The steep approach is one of the most challenging elements of the display to get right. By design, it should always be safe: we enter from the same height, at the same airspeed, in the same configuration, with idle power every time. This means that when we reach our planned recovery height, we always have a known amount of energy. By proving the safety margins at maximum weight, we can be confident that we will always be able to transition from the steep phase to a normal landing within the height available. The difficult part is judging when to commence the descent. Once we start down the slope, there is very little I can do to affect where we touch down: the entire procedure to landing is flown without adding power.

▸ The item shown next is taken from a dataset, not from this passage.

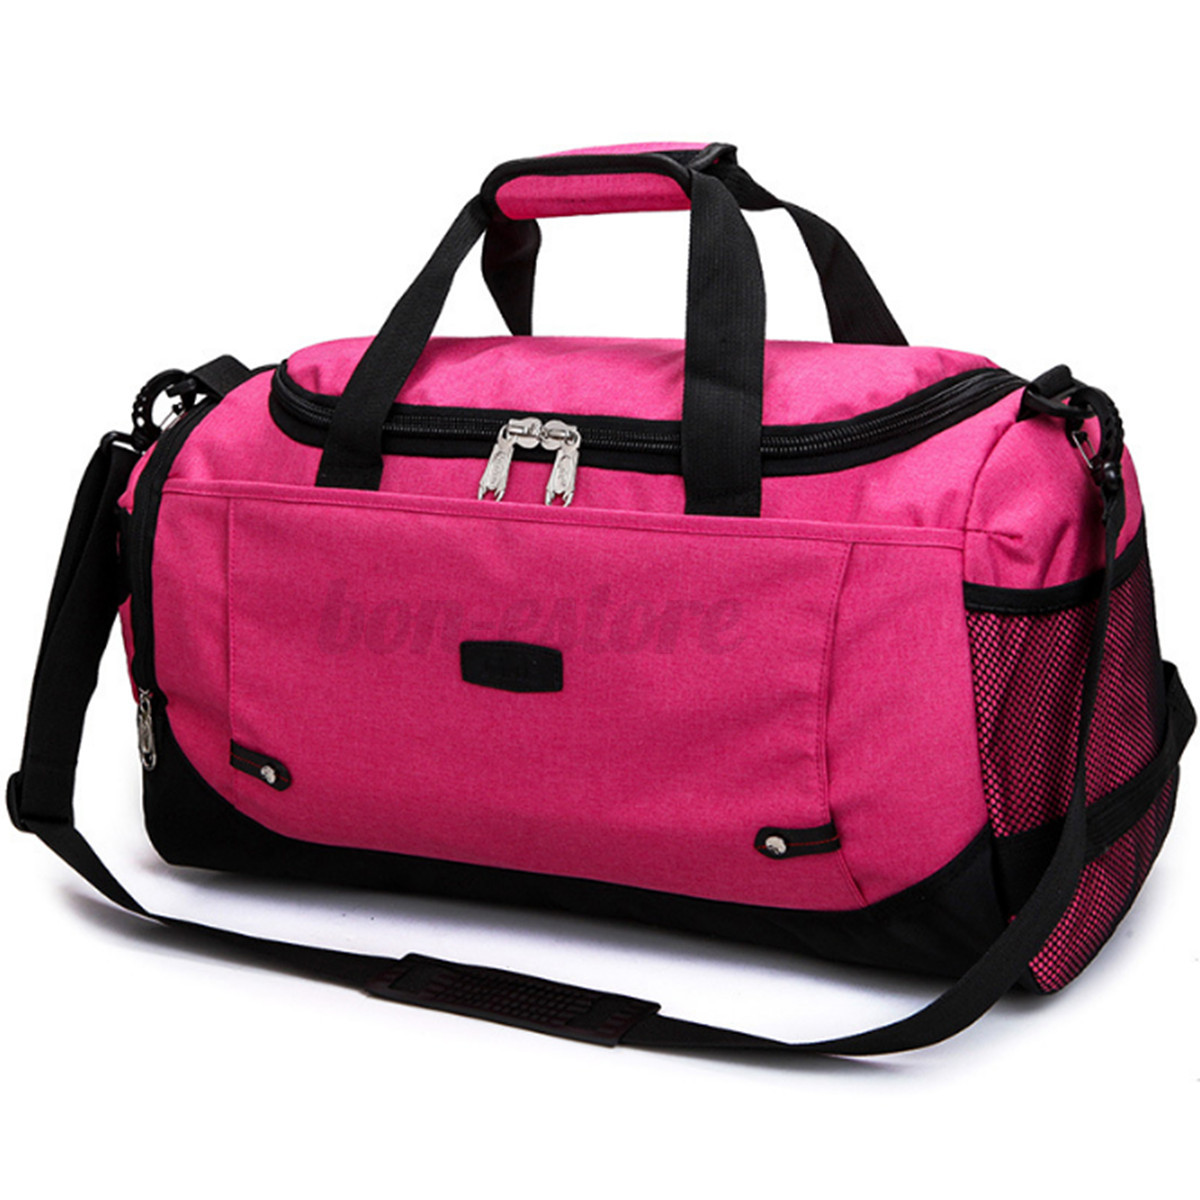 Женская спортивная сумка women's Gym Sports Travel Bag Daypack Duffle Pack Shoulder Bag hand Bag
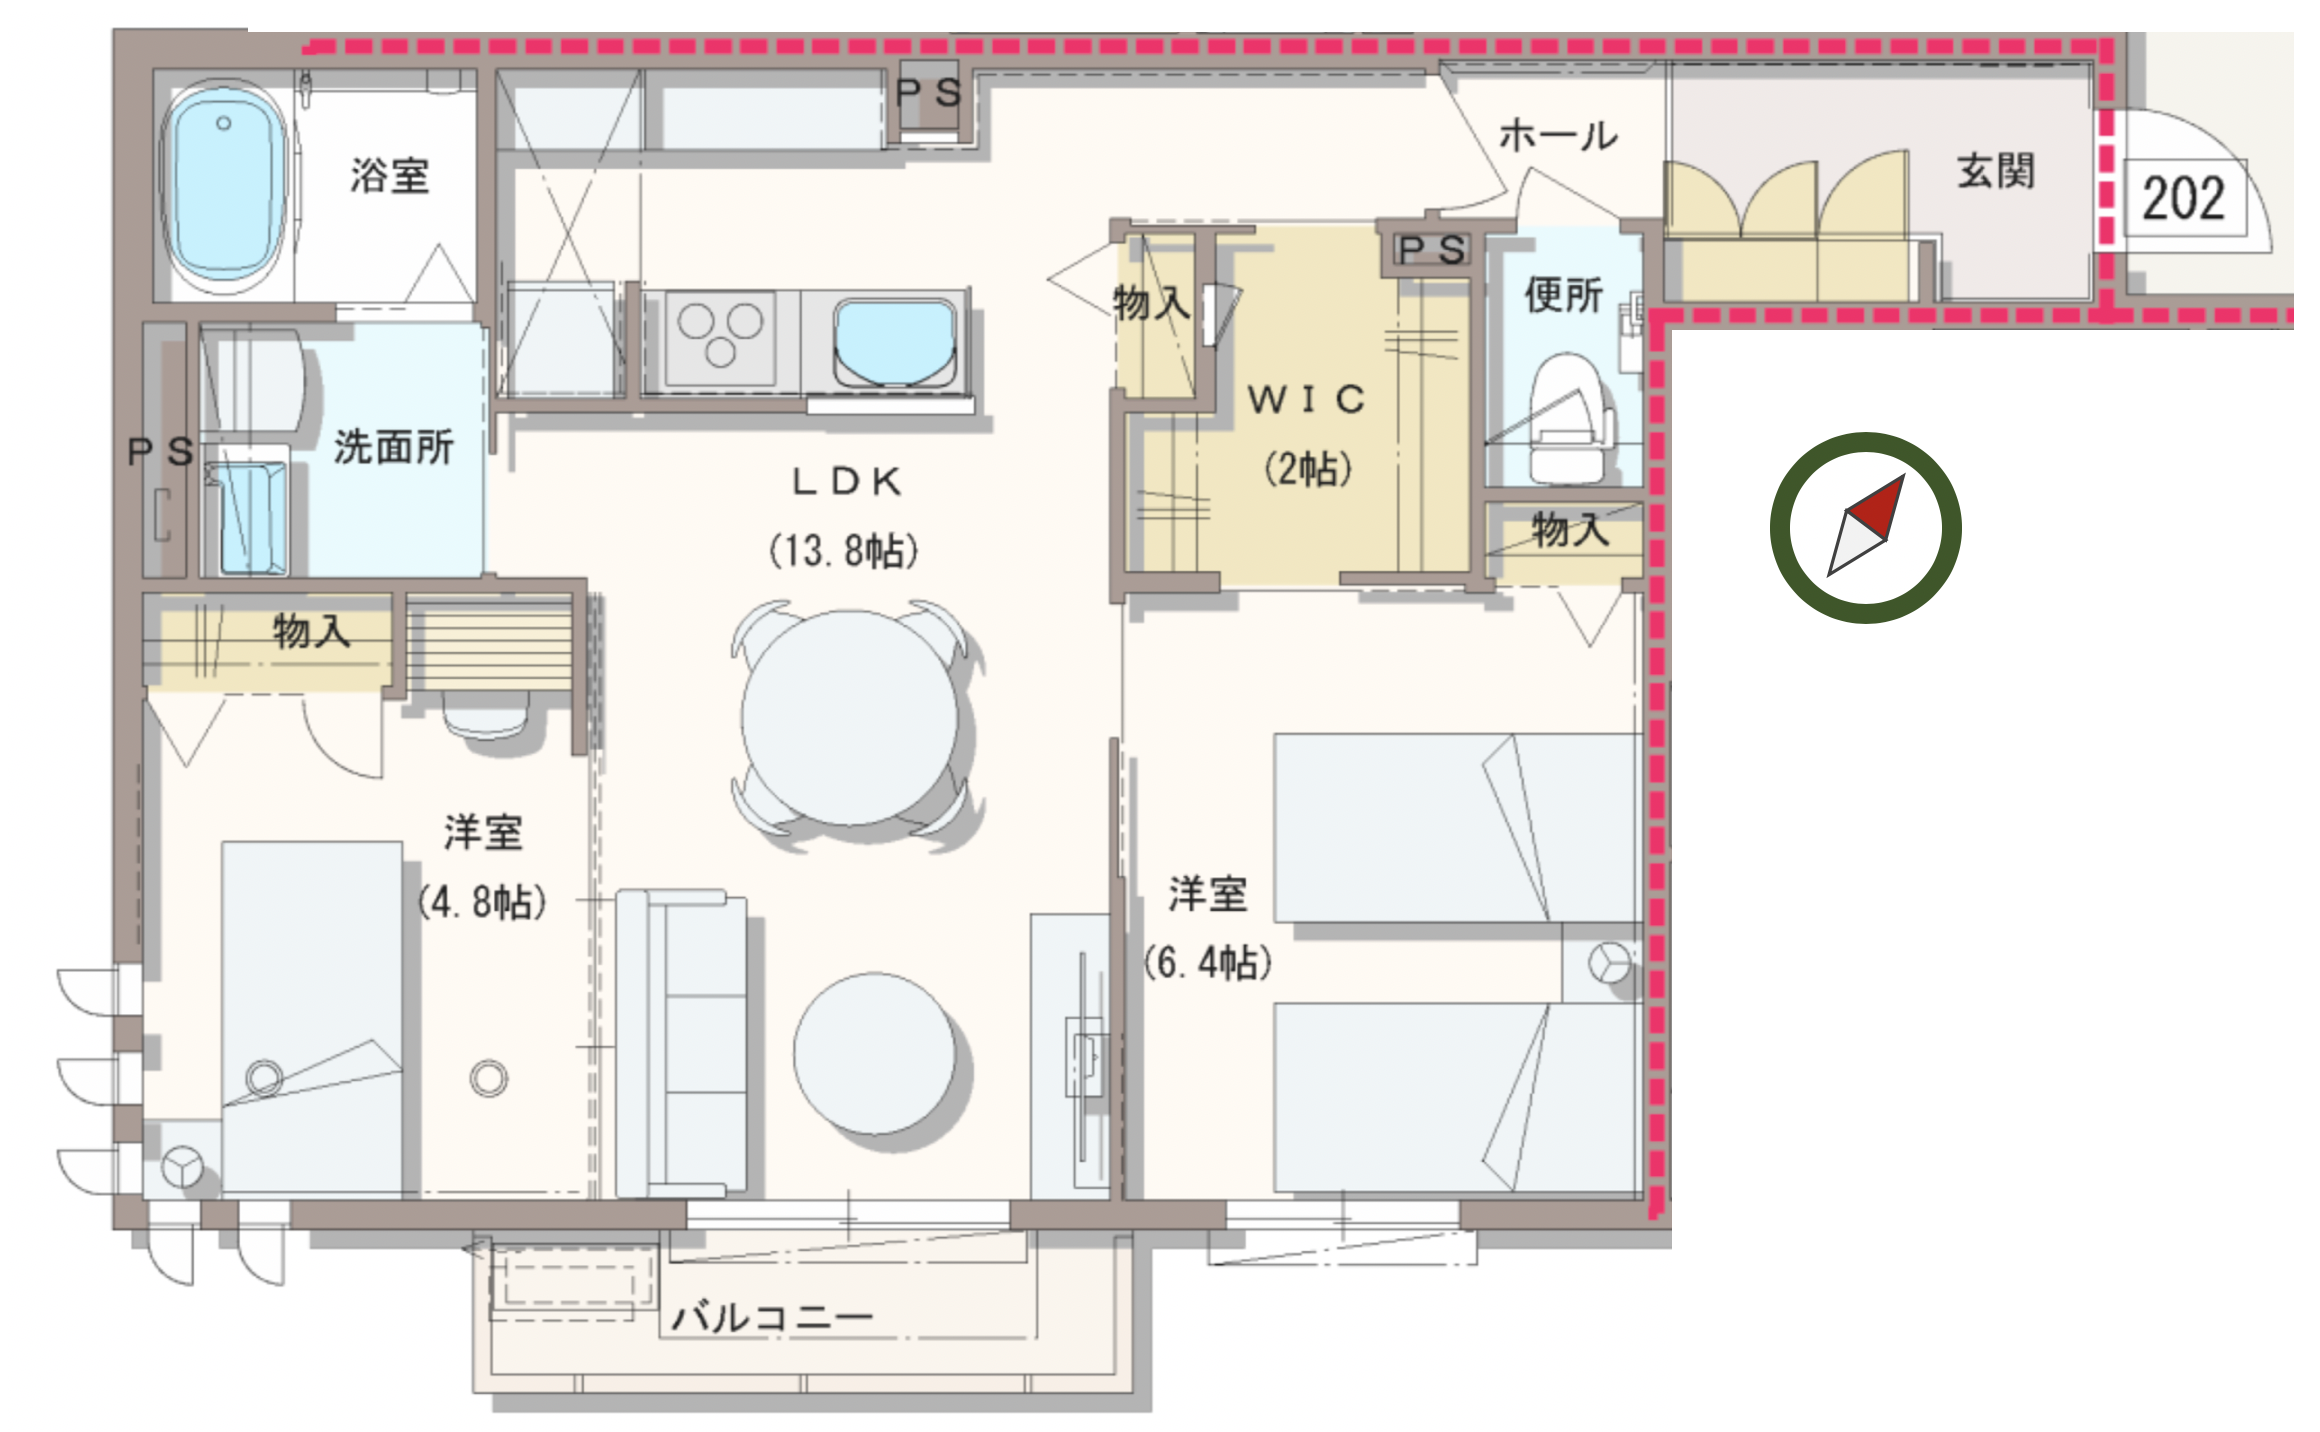 ご成約済み 2号室 2ldk 59平米 公式 Arbre陣屋 新築 2ldk 1ldk 埼玉県上尾市のデザイナー設計の賃貸マンション アパート

If the conditions were always the same, this would be straightforward, but they aren’t: the wind can be anything from 60mph on the nose, to over 10mph from behind. I also have to consider stopping distance. If the runway is sufficiently long, I will endeavour to stop just after passing the display datum at crowd centre. With full reverse thrust selected, even with only moderate braking, the King Air stops from 115mph in about a thousand feet. That is unless there is a tailwind, the runway is wet, or it slopes. The stopping distance is also affected by the weight of the aircraft. So in judging when to commence the descent from 1000ft, I have to consider a large number of variables.

On reverse thrust

The King Air is able to reverse the angle of each individual propeller blade such that, instead of scooping air and throwing it backwards – as for normal flight – the blades slap the air forwards causing the aircraft to stop very quickly after landing. By selecting reverse thrust when stationary, the aircraft may be taxied backwards.